The principal empirical role of partial soft matching is robust comparison under outliers, partial overlap, or heterogeneous relevance. In neural representational comparison, partial soft-matching preserves correct matches under added outliers, correctly selects the better model in noise-corrupted identification tasks, automatically excludes low-noise-ceiling voxels in fMRI, improves precision of cross-subject voxel alignment across visual areas, and yields unit rankings by alignment quality from a single transport solve. In deep networks, highly matched units exhibit similar maximally exciting images, while unmatched units show divergent patterns. Random orthogonal rotation reduces alignment even within the best-matched subpopulation, which the paper interprets as evidence for privileged axes (Kapoor et al., 22 Feb 2026).

In image–text retrieval, the practical motivation is redundant alignment: not every image fragment corresponds to some caption token, and vice versa. The reported ablations isolate the benefit of the partial mechanism itself: adding dustbins through local-to-global similarities improves over naïve OT, whereas simply appending global features does not. The paper further reports that analogous partial matching helps CAM, supporting the broader claim that redundant local alignments are a genuine issue in image–text matching (Pan et al., 15 Mar 2026).

In graph matching, partial transport is valuable because subgraph search should not force a full graph-to-graph match. The reported experiments show robustness to noisy query features and favorable query times, especially when the sliding-subgraph strategy SSOT restricts optimization to local candidate subgraphs.

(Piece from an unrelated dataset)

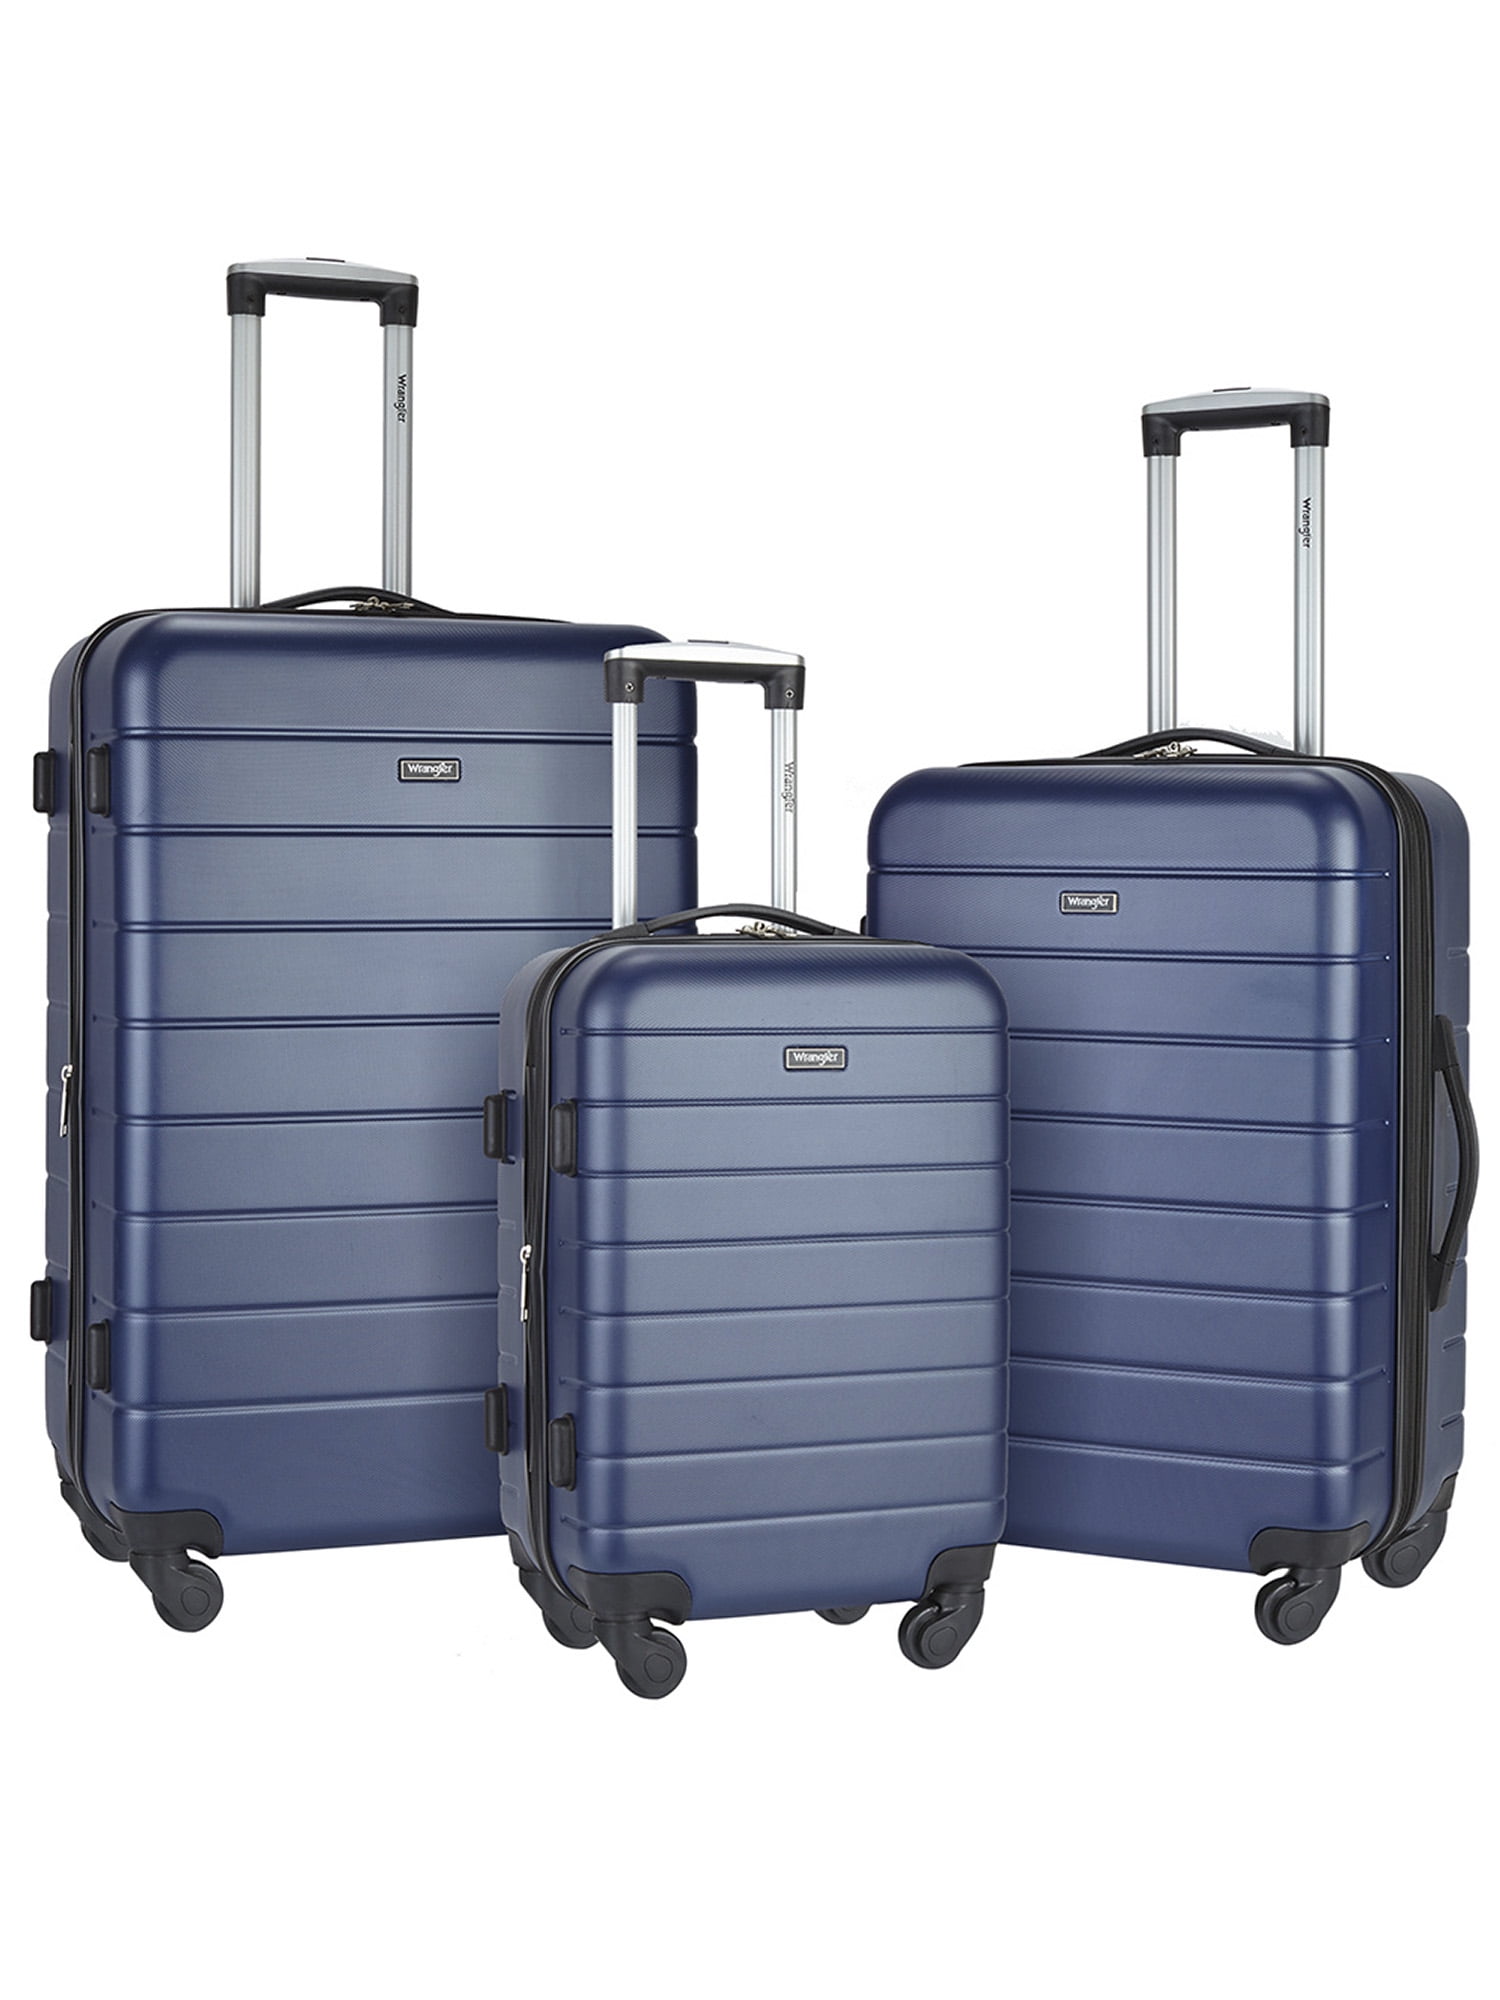 Wrangler 3 Piece Luggage Set with Cup Holder and USB Port, Navy Blue -

In 3D registration, the motivating difficulty is that some points in one cloud have no corresponding point in the other; the CGD formulation addresses this with learned feature compatibility, confidence-guided sampling, and a bidirectional nearest-neighbor score that outperforms Chamfer as a consensus metric under severe partiality, outliers, internal symmetries, and large rotations (Pan et al., 2024, Ginzburg et al., 2022).

Partial shape matching on manifolds uses the same broad idea at the level of trustworthy pairwise constraints. The wormhole criterion certifies many more consistent pairs than a prior boundary criterion, and the non-binary mask improves over binary masking. The reported effect is largest on datasets with more holes and stronger topological changes, where forcing all pairwise geodesic constraints to contribute is most harmful. In partial domain adaptation, soft-masked OT suppresses source outlier classes through class reweighting and class-probability-based masking; ablations identify the importance weights and mask mechanisms as the main contributors to reducing negative transfer (Bracha et al., 2024, Zhai et al., 3 May 2025).

Taken together, these works support a stable comparative picture. Hard injective partial matching, balanced soft matching, and partial soft matching are not interchangeable names for one method but distinct regimes of correspondence modeling. Hard injective models enforce discrete global consistency; balanced soft models allow fractional correspondences but still transport all mass; partial soft models additionally allow some mass, fragments, nodes, units, or pairwise constraints to remain unused. This suggests that the enduring significance of partial soft-matching distance lies less in any single formula than in a recurring design principle: robust comparison is often obtained by keeping correspondences soft while refusing to force universal participation.